He is by no means unchallenged in his interpretation of the law, but it can be in nobody's interests to proceed as he suggests. That is because there would then be not one huge and wrenching change, but two - the first when Britain leaves and engages with Europe on some sort of interim basis, and the second upon the coming into force of the new deal, whenever that may be.

That would increase costs and uncertainty for all companies involved in trading with the UK, both British and European. It is harder to imagine a more perfect case of a lose-lose situation.

If there is still enormous uncertainty about the future of Britain's relations with Europe, the direction of Theresa May's new government is only a little less cloudy.

Will she lead Britain down a path of less regulation and lower tax - what has been described as the Singapore model - or will she, as she has intimated, take the path of one-nation conservatism?

This question matters a great deal for Ireland because, if she chooses the former, Britain will become a more serious rival for the kind of investment that is the cornerstone of the Irish economy.

As things currently stand, Britain is a much less attractive place to do business than it was before the June 23 referendum.

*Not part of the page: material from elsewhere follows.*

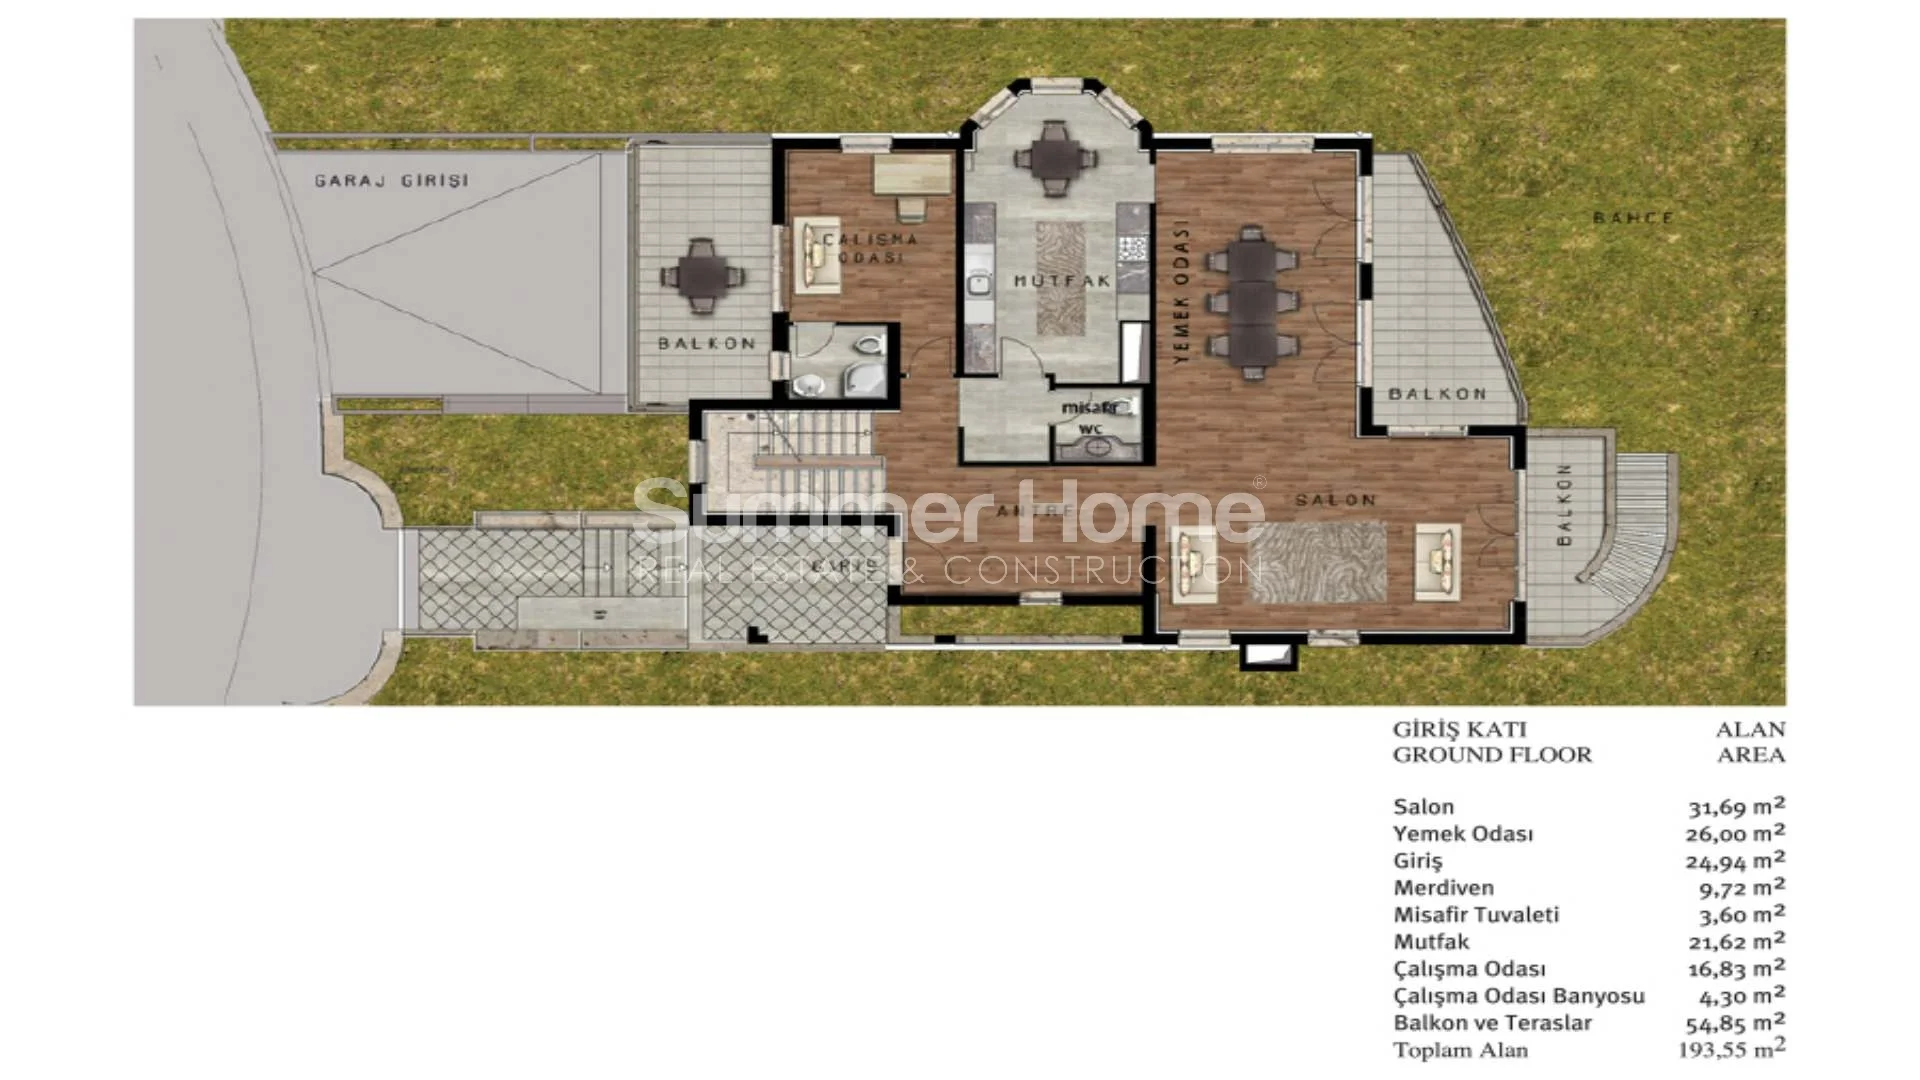 Luxurious Triplex Villas in Beylikduzu Plan - 37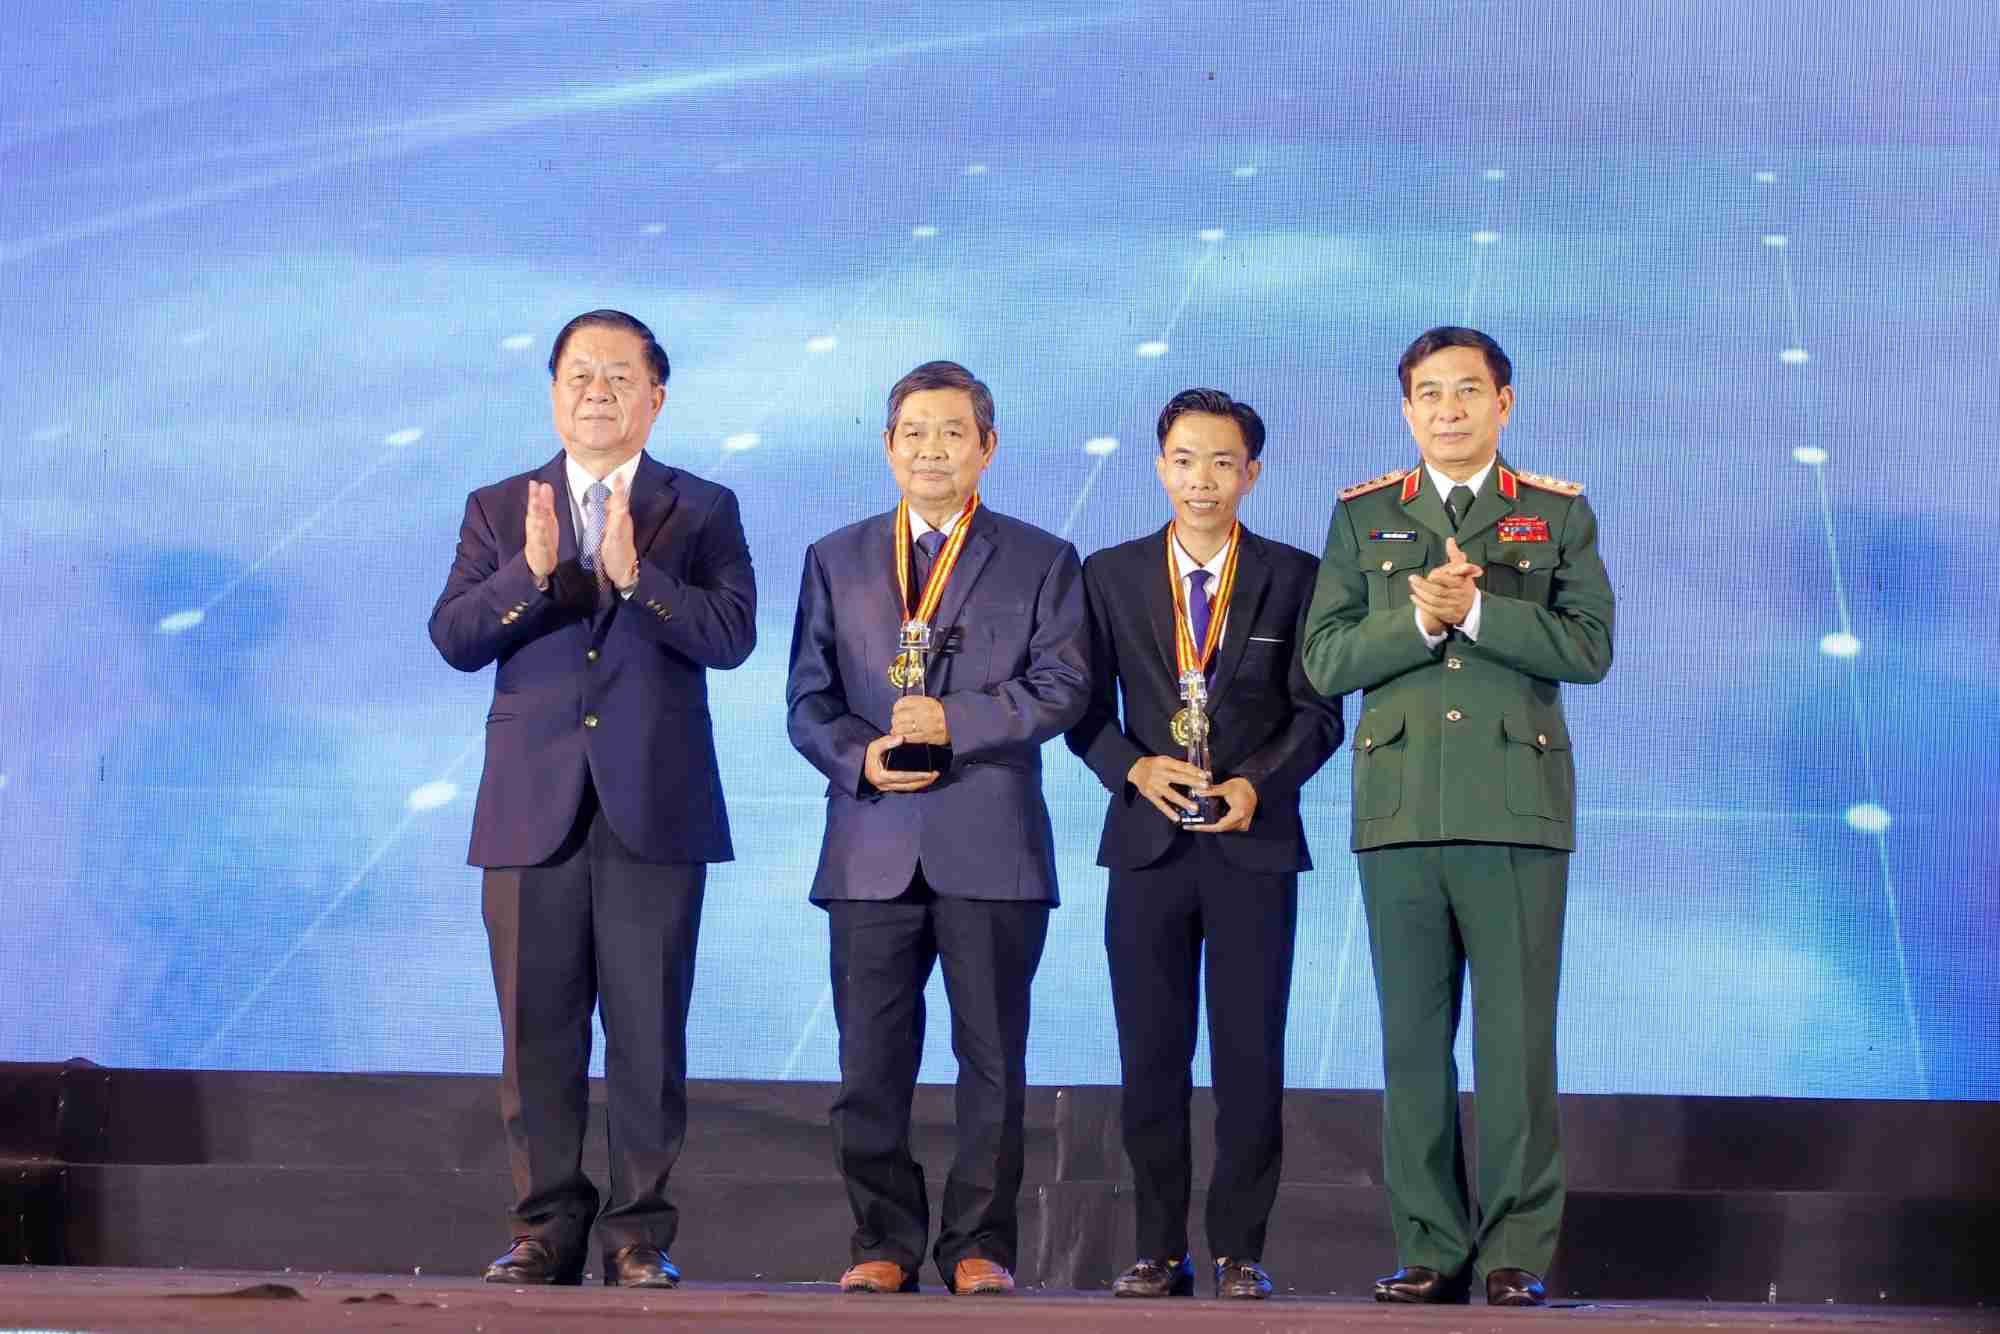 Đại tướng Phan Văn Giang, Ủy viên Bộ Chính trị, Phó Bí thư Quân ủy Trung ương, Bộ trưởng Bộ Quốc phòng và đồng chí Nguyễn Trọng Nghĩa, Bí thư Trung ương Đảng, Trưởng Ban Tuyên giáo Trung ương trao tặng giải Nhất.

Most of that has to do with uncertainty, something that is loathed by anyone who wants to put their money to productive use.

Not knowing what trading relationship Britain will have with its neighbours and the rest of the world causes uncertainty for all companies involved in international commerce.

It also causes uncertainty for British companies which import goods and services that they use in their own business. In a modern economy that includes almost every company down to the smallest of micro-enterprises.

Then there is the regulatory uncertainty. The mythical rules on straight bananas, so beloved of the English Eurosceptic media, have at least one element of truth - most regulation of product standards have been set collectively for decades in Europe. If Britain is to put tens of thousands of pages of EU regulations on a bonfire, what will replace them?

Even if new regulations that are eventually enacted in Westminster are deemed by businesses to be less onerous for them than current made-in-Europe rules, there will be a considerable amount of time before they come into place, adding further to the uncertainty.

And then there is tax. Currently, Britain's rate of corporation tax stands at 20pc, with a detailed commitment to reduce it to 19pc next year and to 18pc in 2020.

George Osborne, the chancellor whom May fired as soon as she moved into Downing Street, had raised the possibility of bringing that rate below 15pc in the aftermath of the Brexit vote.

His successor, Philip Hammond, has not taken that position.

But with tax policy, and the many other policy choices the new British government makes, there is unlikely to be much ideological purity.

The eternally messy nature of government means that elements of both the Singapore model and the one- nation Tory (and others in between) model will in all probability, be adopted.

There is still a long way to go before anything much is clearer, either in terms of Britain's future relationship with Europe or of Britain's own future.